The Type Approval Laboratory which is the first of its kind in Africa will determine the technical requirements of communication equipment by ensuring that no substandard equipment which may present health and safety hazards to users are allowed in Ghana.


The initiative is aimed at improving the ICT standardization space, particularly in conformance with law to ensure safety and electromagnetic compatibility and market surveillance activities in Ghana, West Africa and the African sub-region at large.


The Laboratory is made up of four components—Specific Absorption Rate Measuring (SAR) which  measures the amount of radiation received by communications equipment such as wireless routers laptops as mobile phones and walking talking, among others; Radio Frequency and Signalling Lab (RFL) which  measures the technical requirement necessary for implementing wireless protocols such as Wireless LANs Bluetooth and other hand mobile issues; Electronic Flow Strength (EMF) Lab, which measures the radiations of telecommunications-based stations, televisions and FM transition sites; and the Digital Terrestrial Television (DTT) Lab which will be used to test the various requirements needed as Ghana gears out for full DTT rollout to enable it migrate from analogue to digital broadcasting.

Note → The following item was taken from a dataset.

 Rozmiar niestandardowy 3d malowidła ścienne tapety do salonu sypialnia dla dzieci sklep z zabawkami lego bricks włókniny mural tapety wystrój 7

In an address at the commissioning of the Laboratory in Accra, yesterday, the Minister for Communications, Hon. Ursula Owusu-Ekuful, said it was the duty of the NCA to ensure that all electronic communications equipment imported or manufactured in Ghana were used in compliance with minimum health and safety standards.


Hon. Owusu-Ekuful, stressed the need to ensure standard specified and approve by the NCA are achieved in order for NCA to become a world class regulator and pledged  government’s commitment to working closing with the ITU  and its member states in the sub-regions to ensure that the laboratory  was efficiently used for the right purpose.

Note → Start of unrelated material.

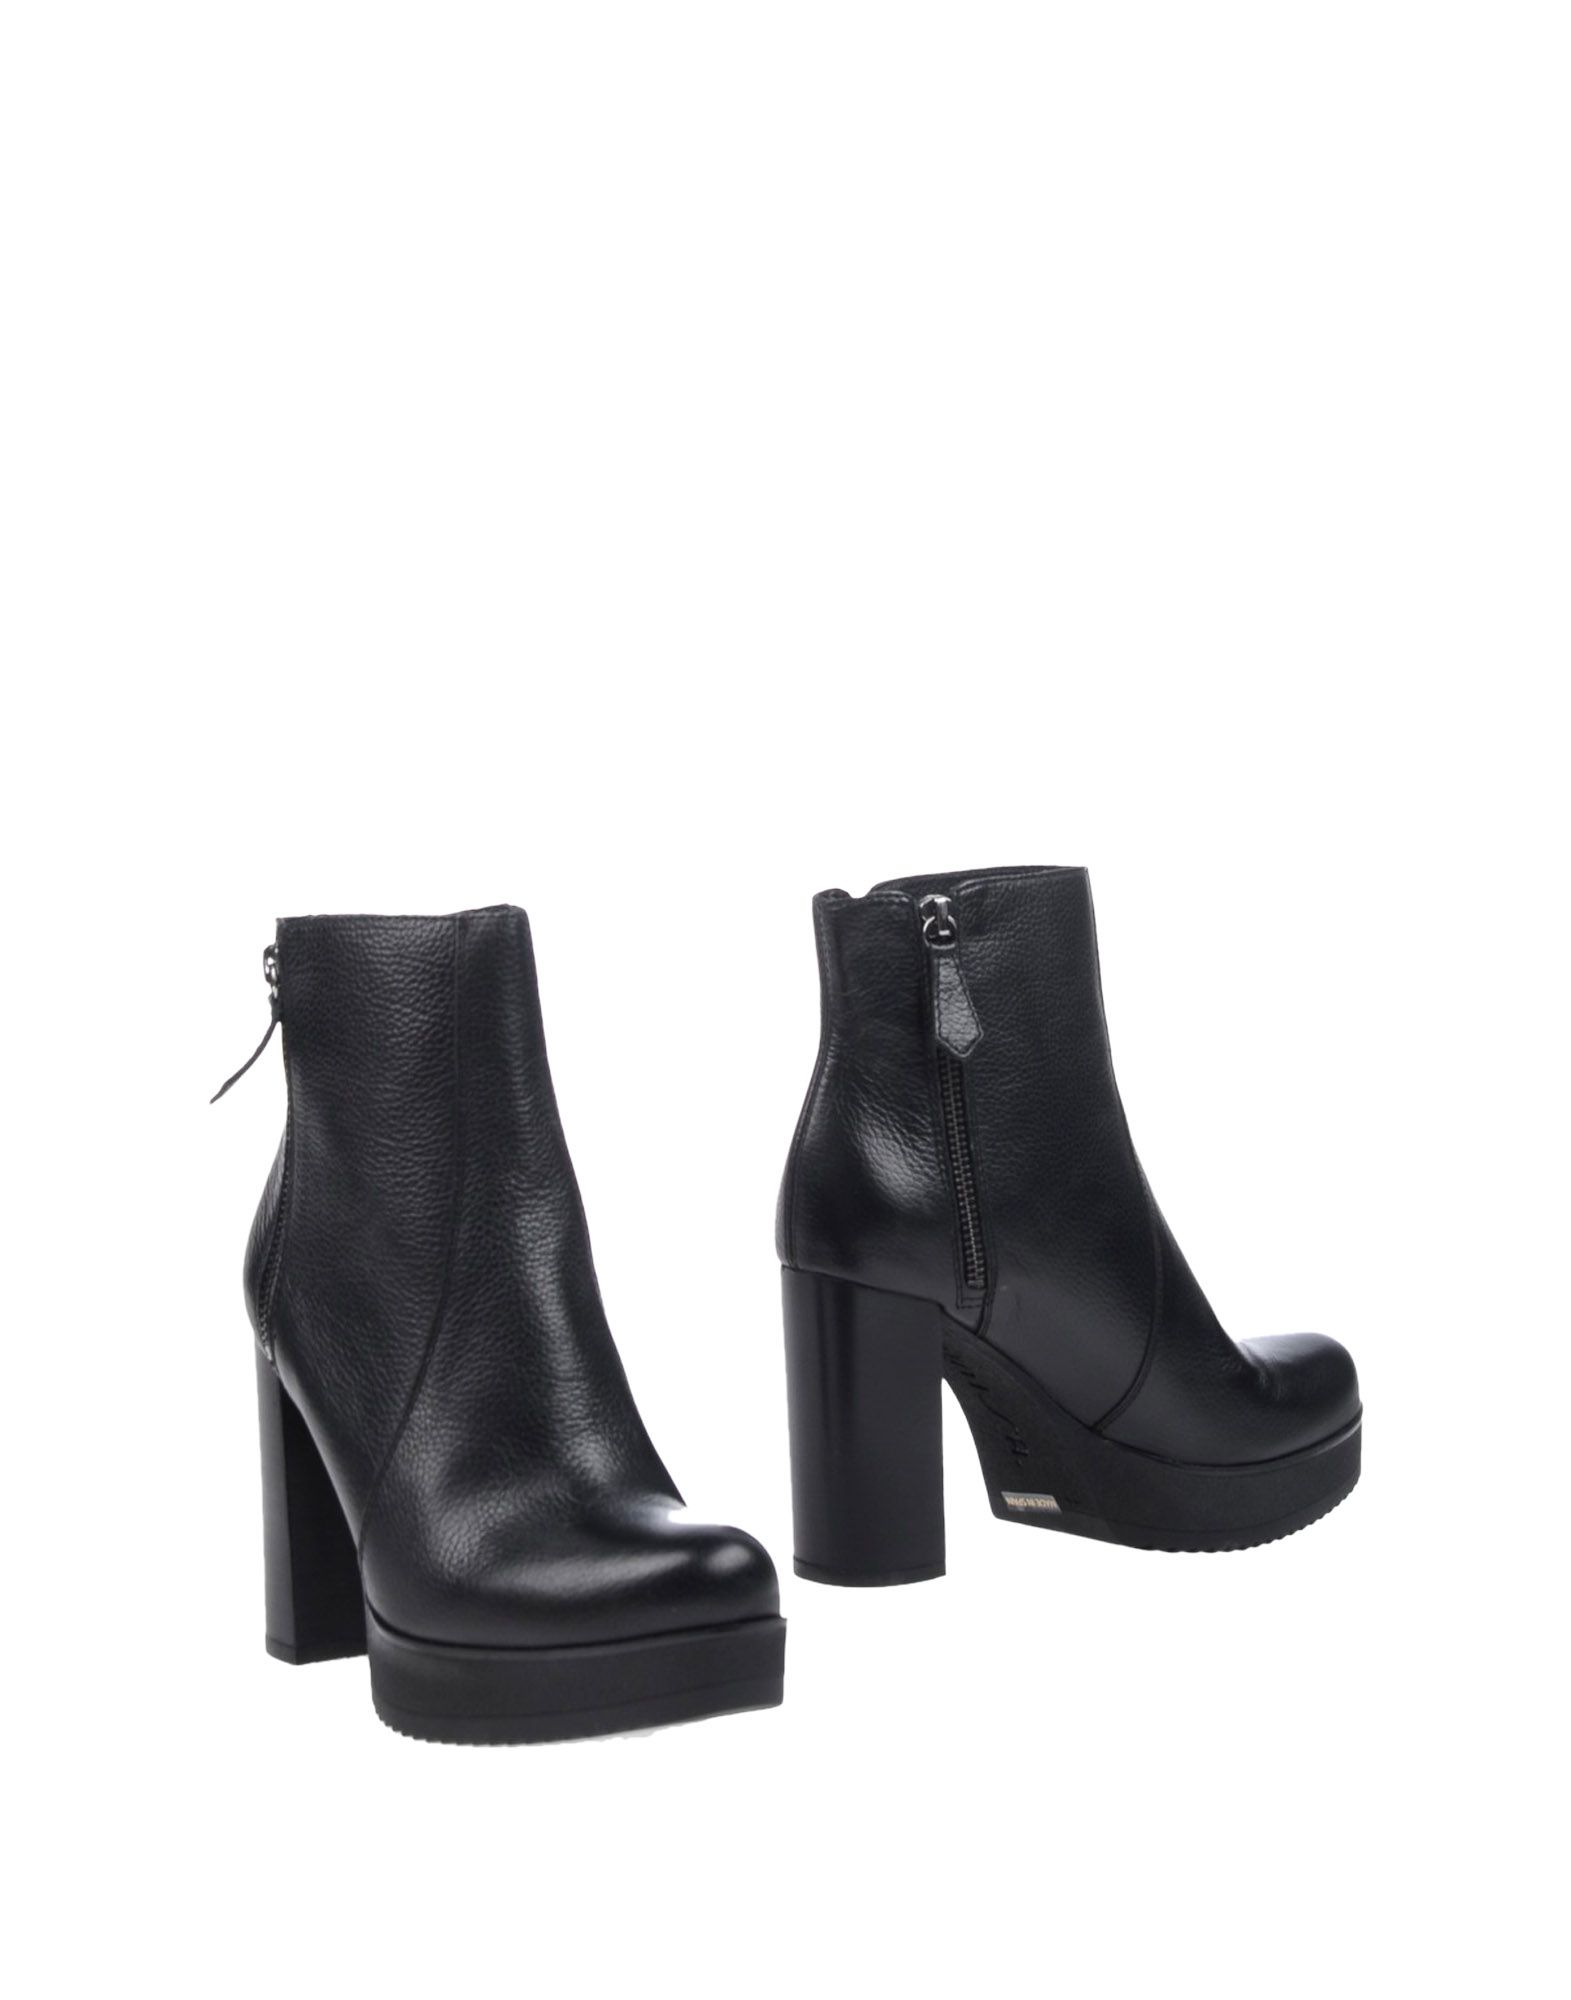 Unisa Stiefelette Damen  11299288UJ Gute Qualität beliebte Schuhe

She disclosed that the NCA had established a Computer Emergency Response Centre and that NCA would work with ITU to ensure the effective performance of the Centre in the harmonization of standards, adding that with the Centre in place, Ghana would lead the way in the equipment testing.

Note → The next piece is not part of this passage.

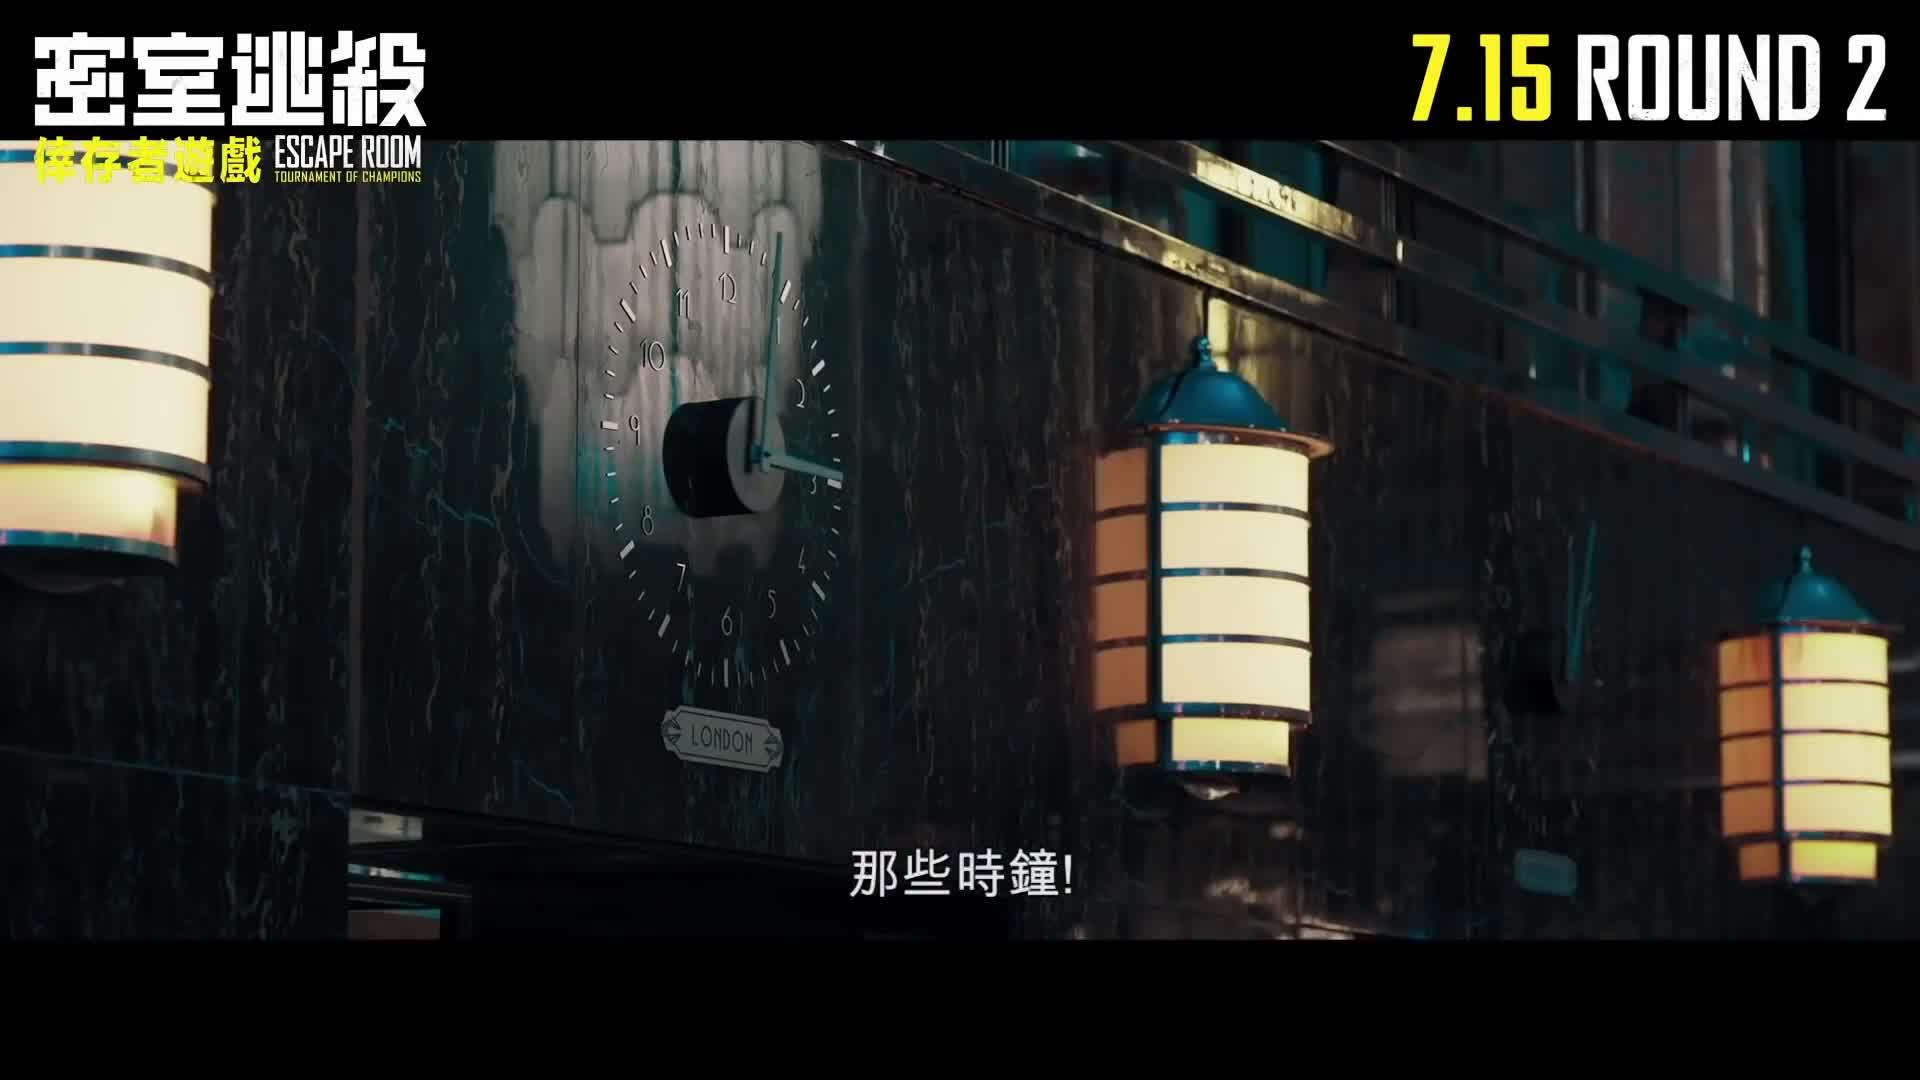 《密室逃殺: 倖存者遊戲》電影預告

In his remarks, Mr Brahima Sanou, Director, BDT, ITU noted that the activities of both International Trade Union Confederation (ITUC) and ITU had generated growing interest in African countries, and that member states were interested in building capacities related to ITU performance and inter-operability programme around the three key pillars namely conformity assessment, capacity building and establishment of national regional centre.


In a welcome address, Mr Kofi Datsa, Director, Regulatory Administration of the NCA, noted that in the past, electronic equipment imported were accessed by the documents they came with, but with the Laboratories, it was now possible to verify the validity of those documents.


Mr Datsa said the NCA had trained a number of its personnel to man the laboratories.